* **EXERCISE DESCRIPTION**: Reproduce the listing word for word. Skip any image.

* **DATASET EXCERPT**:
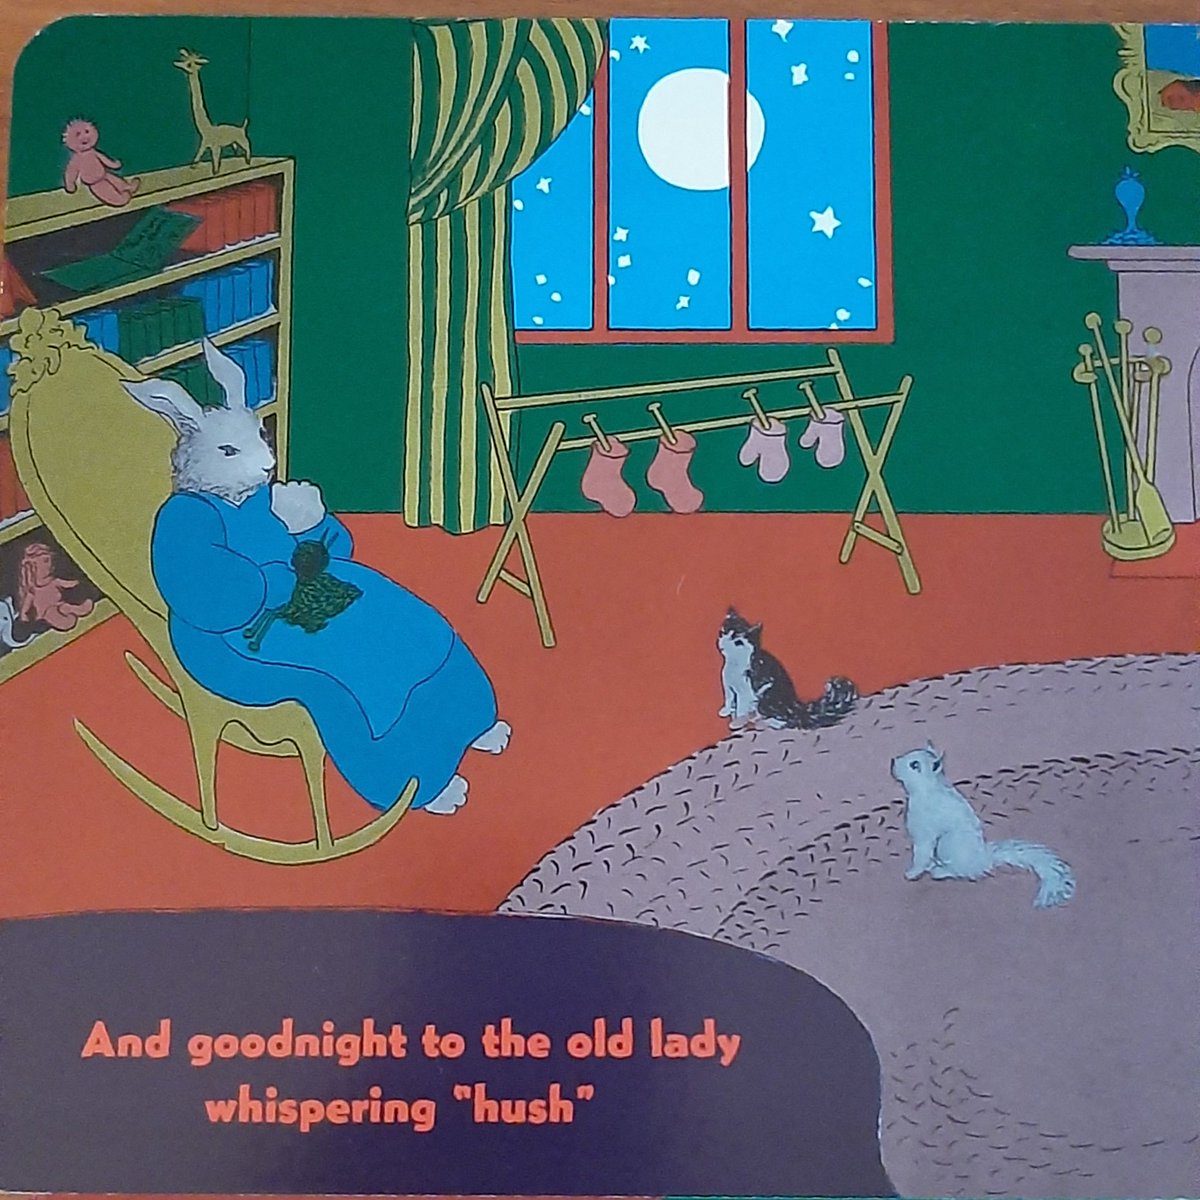 She's a ghost.
I've read Goodnight Moon 1000xs now, and am convinced. Even the cats know.
The scared kid keeps listing things in his room until she disappears and it's safe to sleep. This is a ghost story.

* **ANSWER TO THIS TASK**:
 She's a ghost.
I've read Goodnight Moon 1000xs now, and am convinced. Even the cats know.
The scared kid keeps listing things in his room until she disappears and it's safe to sleep. This is a ghost story.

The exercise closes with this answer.